The Supreme Court today expressed displeasure over the Centre taking different stands on the issue of identification of minorities, including Hindus, at the state level and directed it to hold consultations with the states on the issue within three months.
In supersession of its earlier stand, the Centre had on Monday told the Supreme Court that the power to notify minorities is vested with the Union government and any decision in this regard will be taken after discussion with states and other stakeholders.
The Centre had in March said that it was for the states and Union Territories (UTs) to take a call on whether or not to grant minority status to Hindus and other communities where they are less in number.
A bench of Justices SK Kaul and MM Sundresh said in a matter like this an affidavit is filed that Centre and state both have powers.
“Later, you say the Centre has powers. In a country like ours, which has so much diversification, we understand but somebody should have been more careful. Before these affidavits are filed everything is in public domain which has its own consequences. Therefore, you have to be more careful in what you say,” the bench observed.
Dictating it order, the bench said, “A fresh affidavit has been filed by the Ministry of Minority Affairs which seems to back out what was said in the earlier affidavit. Something we don’t appreciate. It is now sought to be stated that the question sought to be adjudicated has far reaching ramifications throughout the country.
“The stand has already been taken in the first affidavit. But as per fresh affidavit, the power is vested with Central government to identify minorities…Aforesaid being the position, it is necessary that the exercise is taken by the Centre as proposed. List on August 30,” the bench said while seeking a status report three days before the hearing.
The top court also refused to entertain a plea filed by a Meghalaya based socio-cultural organisation seeking intervention in the matter and asked it to approach authorities concerned with a representation.
Solicitor General Tushar Mehta, appearing for the Centre, sought three months time to hold consultation with the states and submitted that some PILs are filed and simultaneously they go in public domain.
“We cannot file an affidavit without serving it to the other party and the moment we serve it goes in public domain,” Mr Mehta said He informed the bench that there was a meeting where three ministers of the concerned departments were present along with secretaries and the issues were discussed.
The Supreme Court said these are matters which require resolution and everything cannot be adjudicated.
As the hearing commenced, a junior counsel sought pass over saying that Solicitor General Tushar Mehta was busy in some other court.
“What I am unable to understand is Union of India is not able to decide what to do. All this thought should have been given before. This creates uncertainty and all this comes into public domain before we put our eyes on it. This creates another problem.” The bench then observed, “If the Centre wants to consult states, we will have to take a call. Solution can’t be that everything is so complex, we will do so. This cannot be answer from the Government of India. You decide what you want to do. If you want to consult them do it. Who is stopping you from doing so?”

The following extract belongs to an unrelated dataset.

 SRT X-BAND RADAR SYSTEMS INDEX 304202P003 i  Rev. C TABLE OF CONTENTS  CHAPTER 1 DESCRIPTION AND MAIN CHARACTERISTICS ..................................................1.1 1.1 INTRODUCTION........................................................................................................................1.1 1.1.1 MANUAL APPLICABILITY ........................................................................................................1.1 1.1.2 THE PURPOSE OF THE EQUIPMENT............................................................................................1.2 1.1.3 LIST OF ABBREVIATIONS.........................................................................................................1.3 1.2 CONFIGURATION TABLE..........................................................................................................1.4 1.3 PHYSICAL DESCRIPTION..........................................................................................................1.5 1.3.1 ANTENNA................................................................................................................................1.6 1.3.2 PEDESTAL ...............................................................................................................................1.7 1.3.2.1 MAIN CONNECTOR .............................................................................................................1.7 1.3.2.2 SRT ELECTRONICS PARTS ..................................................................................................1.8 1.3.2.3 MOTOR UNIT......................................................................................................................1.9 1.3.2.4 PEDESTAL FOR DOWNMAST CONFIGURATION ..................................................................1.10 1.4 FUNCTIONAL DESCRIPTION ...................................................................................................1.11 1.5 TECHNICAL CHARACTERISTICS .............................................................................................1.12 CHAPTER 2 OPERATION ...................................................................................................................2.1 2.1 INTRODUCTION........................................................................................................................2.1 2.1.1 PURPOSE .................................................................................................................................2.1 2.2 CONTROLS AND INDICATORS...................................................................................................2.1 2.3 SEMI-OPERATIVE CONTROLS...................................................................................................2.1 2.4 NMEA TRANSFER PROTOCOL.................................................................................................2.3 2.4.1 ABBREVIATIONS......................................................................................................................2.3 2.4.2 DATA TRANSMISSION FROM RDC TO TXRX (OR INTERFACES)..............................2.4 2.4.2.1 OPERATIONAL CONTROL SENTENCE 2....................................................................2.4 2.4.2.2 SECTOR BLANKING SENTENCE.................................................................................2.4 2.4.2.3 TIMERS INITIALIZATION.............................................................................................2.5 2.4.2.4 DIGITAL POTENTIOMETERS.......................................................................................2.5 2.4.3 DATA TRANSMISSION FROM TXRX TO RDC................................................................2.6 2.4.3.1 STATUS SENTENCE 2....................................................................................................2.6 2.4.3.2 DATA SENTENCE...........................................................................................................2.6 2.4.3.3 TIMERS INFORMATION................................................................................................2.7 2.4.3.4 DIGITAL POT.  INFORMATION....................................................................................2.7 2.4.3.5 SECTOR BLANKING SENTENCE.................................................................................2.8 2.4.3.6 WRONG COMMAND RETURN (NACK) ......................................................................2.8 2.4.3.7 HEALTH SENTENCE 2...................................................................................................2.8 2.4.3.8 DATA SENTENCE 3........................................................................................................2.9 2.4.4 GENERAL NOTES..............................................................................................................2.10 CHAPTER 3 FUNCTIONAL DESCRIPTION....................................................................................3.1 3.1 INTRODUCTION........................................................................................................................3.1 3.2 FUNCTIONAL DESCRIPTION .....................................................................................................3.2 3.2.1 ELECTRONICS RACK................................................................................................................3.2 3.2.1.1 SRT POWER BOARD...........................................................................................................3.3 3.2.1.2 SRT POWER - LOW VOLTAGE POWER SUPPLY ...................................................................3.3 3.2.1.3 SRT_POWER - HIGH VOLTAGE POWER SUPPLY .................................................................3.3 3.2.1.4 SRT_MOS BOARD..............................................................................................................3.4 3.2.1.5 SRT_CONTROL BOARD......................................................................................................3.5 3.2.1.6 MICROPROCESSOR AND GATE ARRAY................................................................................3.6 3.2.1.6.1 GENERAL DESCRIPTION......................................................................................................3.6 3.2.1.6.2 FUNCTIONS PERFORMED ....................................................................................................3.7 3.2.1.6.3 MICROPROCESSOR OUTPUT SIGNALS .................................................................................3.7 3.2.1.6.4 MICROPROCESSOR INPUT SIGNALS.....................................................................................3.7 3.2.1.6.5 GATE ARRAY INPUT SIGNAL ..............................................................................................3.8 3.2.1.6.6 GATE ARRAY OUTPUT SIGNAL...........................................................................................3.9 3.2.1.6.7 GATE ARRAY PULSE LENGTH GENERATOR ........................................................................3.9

“These are matters which require resolution. Taking different stands doesn’t help. If Consultation is required, it should have been done before the affidavit was filed,” the Supreme Court said.
The top court had earlier granted four weeks to the Centre to respond to a plea, which has sought directions for framing of guidelines for the identification of minorities at the state level, contending that Hindus are in minority in 10 states.
In an affidavit filed in response to a plea filed by advocate Ashwini Kumar Upadhyay, the Ministry of Minority Affairs said the central government has notified six communities as minority communities under section 2C of the National Commission for Minorities Act, 1992.
“It is submitted that the question involved in the writ petition has far-reaching ramifications throughout the country and therefore any stand taken without detailed deliberations with the stakeholders may result in an unintended complication for the country.
“Though the power is vested with the central government to notify minorities, the stand to be formulated by the central government with regard to issues raised in this group of petitions will be finalised after having a wide consultation with the state governments and other stakeholders,” the affidavit said.
The ministry said this will ensure that the central government is able to place a considered view before the top court taking into consideration several social, logical, and other aspects obviating any unintended complications in the future concerning such a vital issue.
The Ministry of Minority Affairs had earlier told the Supreme Court that state governments can declare any religious or linguistic community, including Hindus, a minority within the said state.
The ministry had also submitted that matters concerning whether followers of Hinduism, Judaism, and Bahaism can establish and administer educational institutions of their choice in the said states and those related to their identification as a minority within the state may be considered at the state level.
Mr Upadhyay had challenged the validity of section 2(f) of the National Commission for Minority Education Institution Act, 2004, alleging that it gives unbridled power to the Centre and termed it “manifestly arbitrary, irrational, and offending”.
Section 2(f) of the Act empowers the Centre to identify and notify minority communities in India.